Under Arpaio's leadership, sheriff's deputies were used like a personal goon squad to intimidate county employees. The panelists wrote:
The testimony regarding the purported Court Tower investigation, which involved entering the sanctity of the homes of large numbers of county employees, often on weekends, was surreal. The evidence was that officers, often late at night, with surreptitiously hidden recorders, demanded to enter the homes of these individual employees to interrogate them.
On Page 21, the panelists wrote that while the actions from Arpaio's office became "increasingly questionable," Thomas failed in his duty to provide some check and balance.
In December 2009, Arpaio stood next to Thomas at a news conference and announced that they were filing a federal racketeering lawsuit against county officials, judges, and lawyers. As we noted then, the lawsuit was full of flaws and presented poor evidence.

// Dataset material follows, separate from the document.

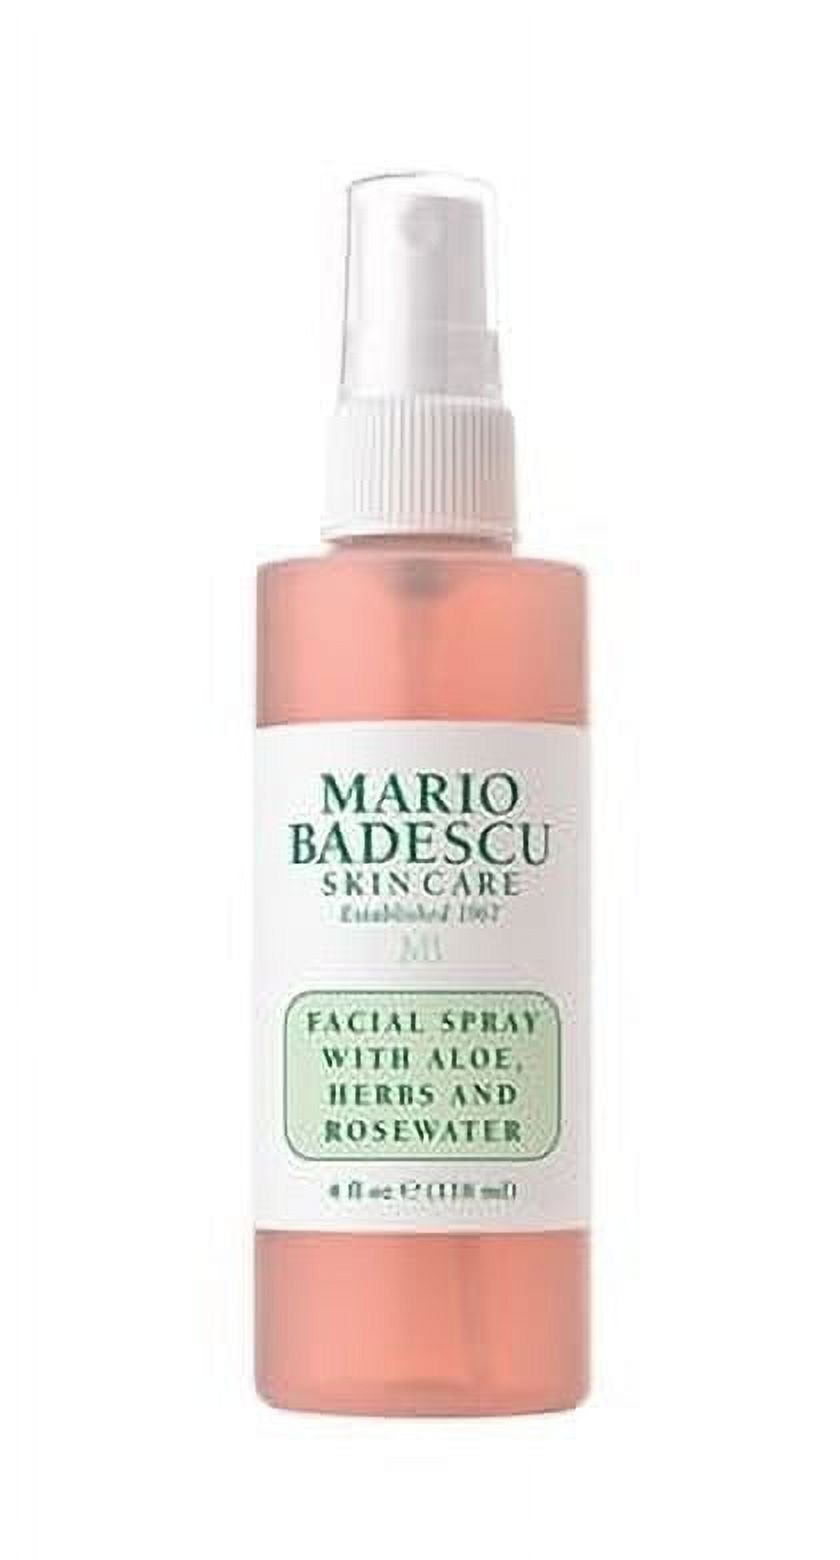 Mario Badescu Facial Spray Aloe Herbs and Rosewater, 8 fl oz - image 1 of 8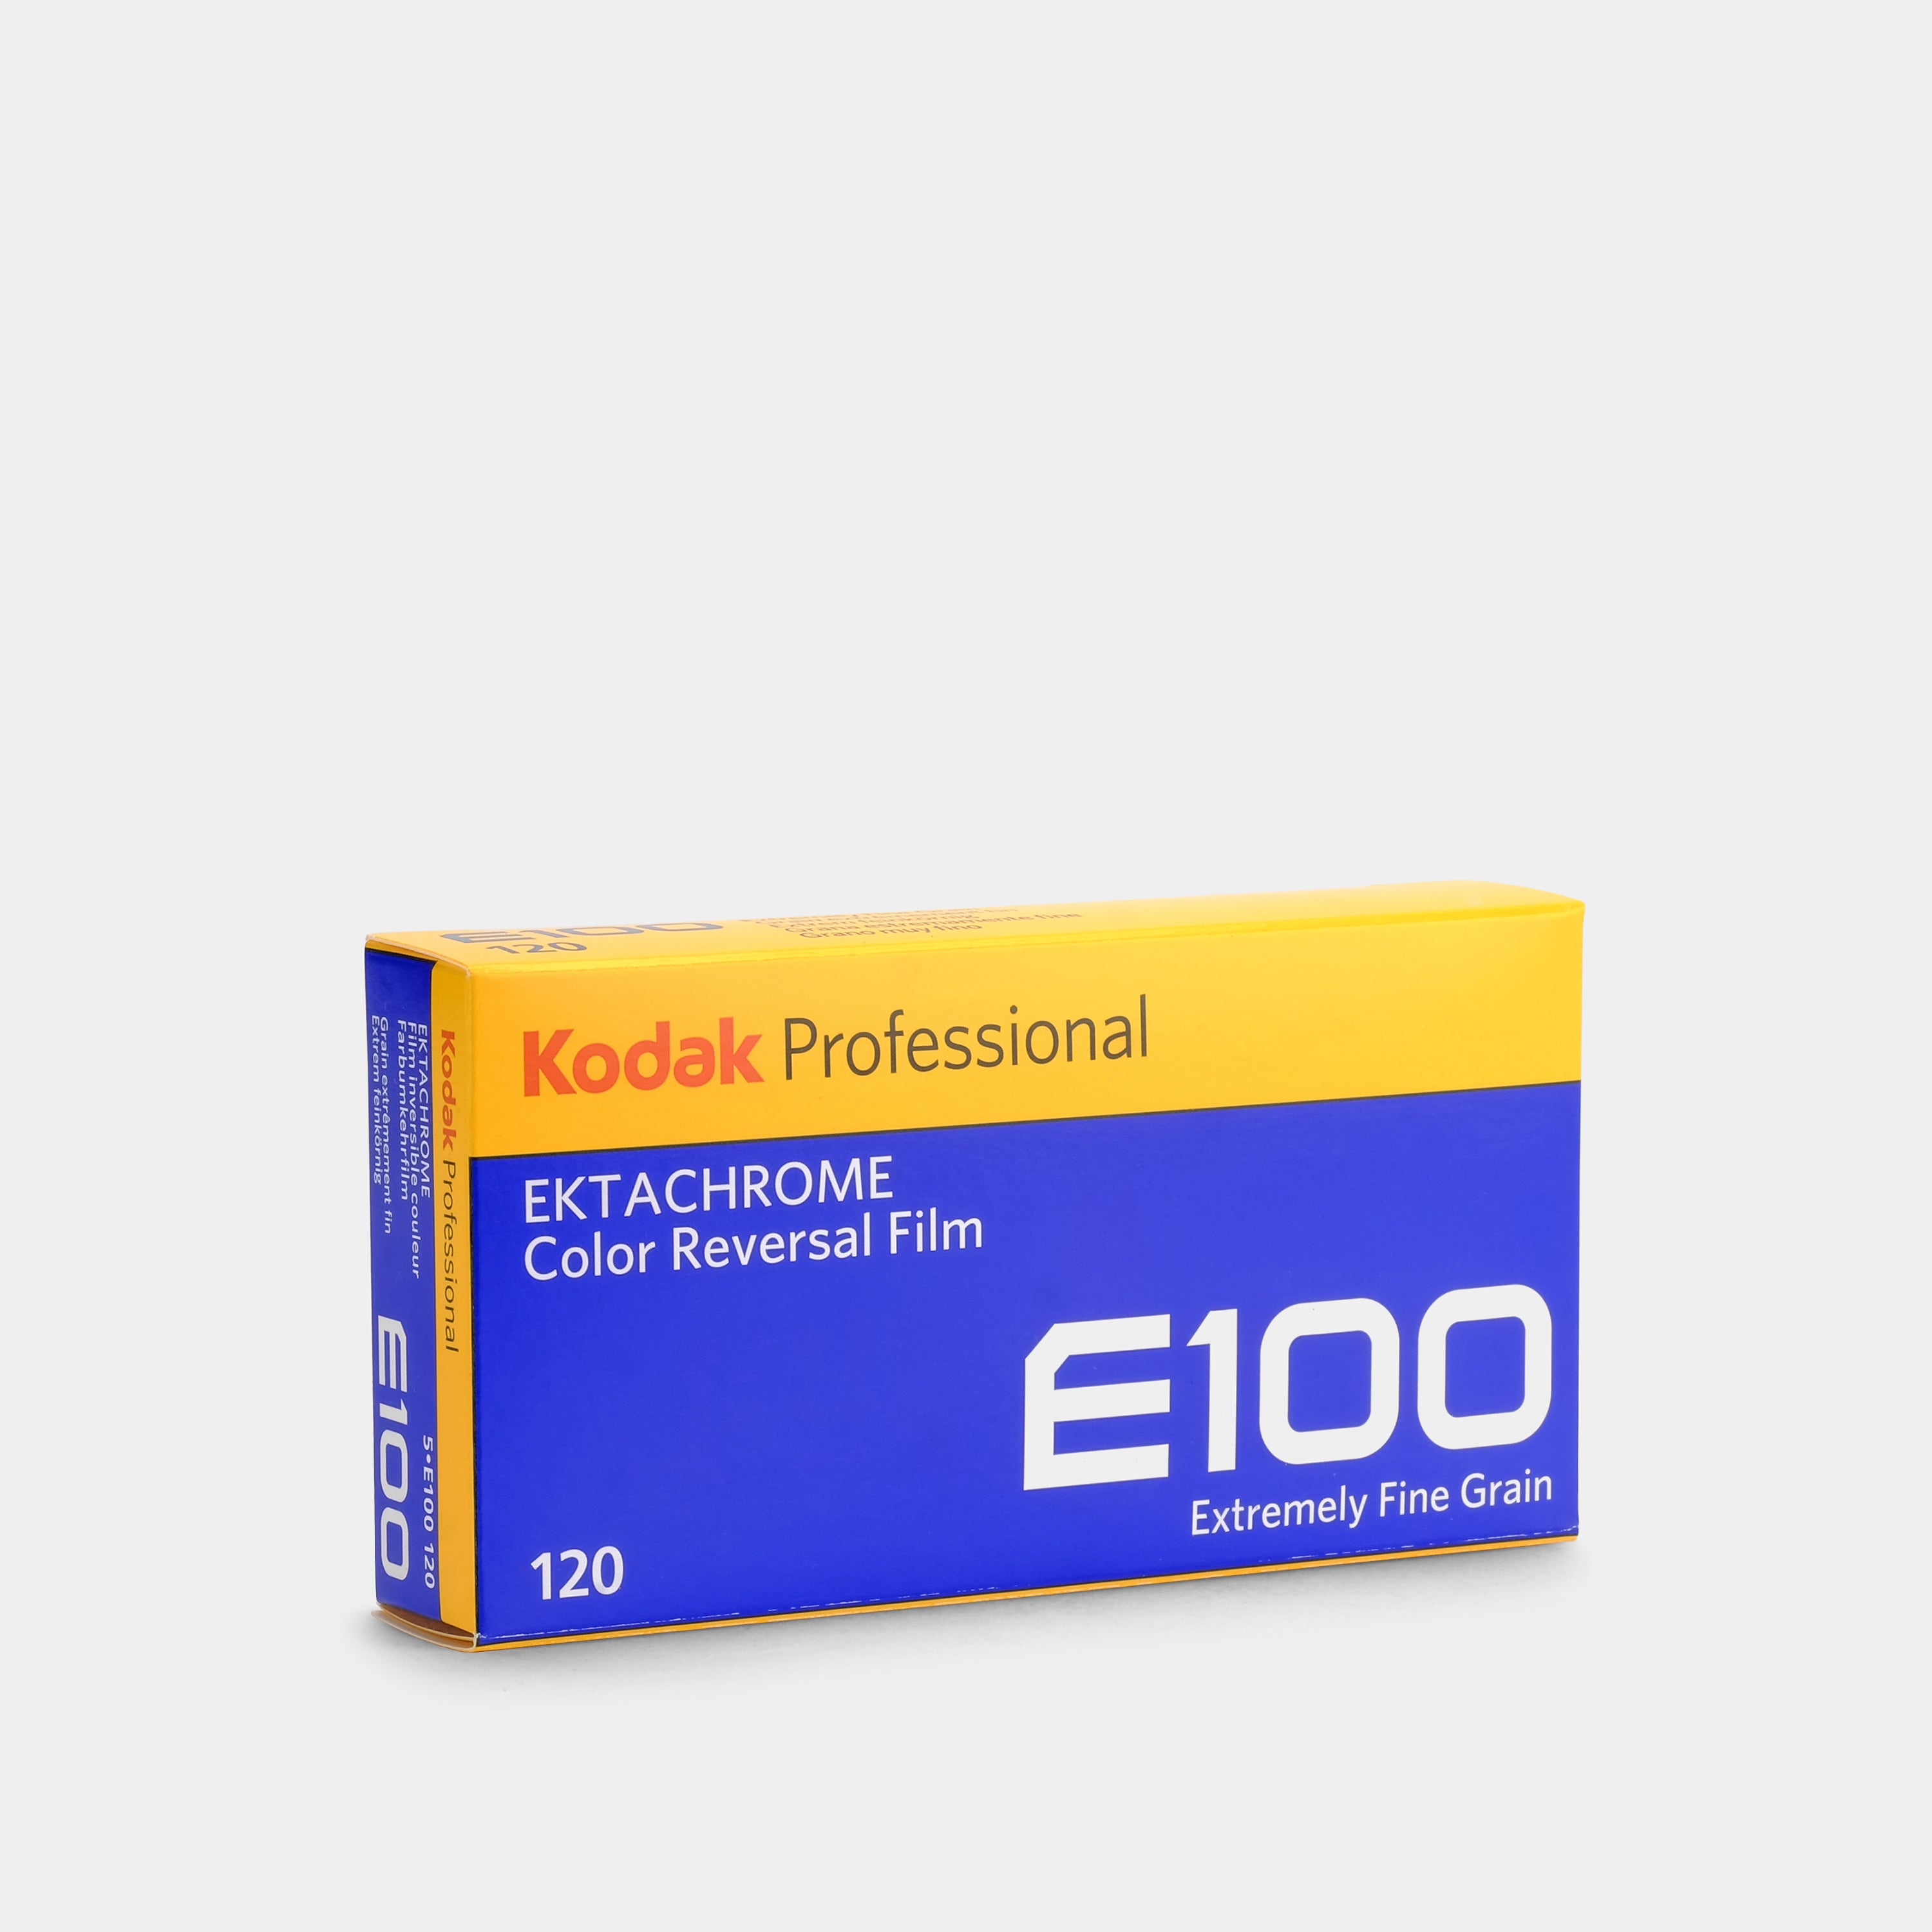 Kodak Professional Ektachrome E100 Color Reversal Slide 120 Film - 5 Pack

The disciplinary panel summed up the devious scheme in today's opinion:
With the RICO action Mr. Thomas, Ms. Aubuchon and Ms. Alexander abused their power and authority as County officers. They filed and prosecuted the action in retaliation against the defendants, not based upon any alleged criminal activity, but rather based upon the defendants' exercise of lawful authority that frustrated and infuriated Mr. Thomas and Sheriff Arpaio.
If Thomas, Aubuchon, and Alexander abused their power with this action, so did Arpaio.
Of course, the damning portrait of a corrupt sheriff binding himself to a corrupt prosecutor can't be completed just by looking at his scandals with Thomas. Arpaio has numerous scandals of own for the public to consider before the election, including potential campaign crimes and what the Justice Department calls the worst case of racial profiling U.S. history.
Without Arpaio's unhealthy influence, Thomas might still be a lawyer today.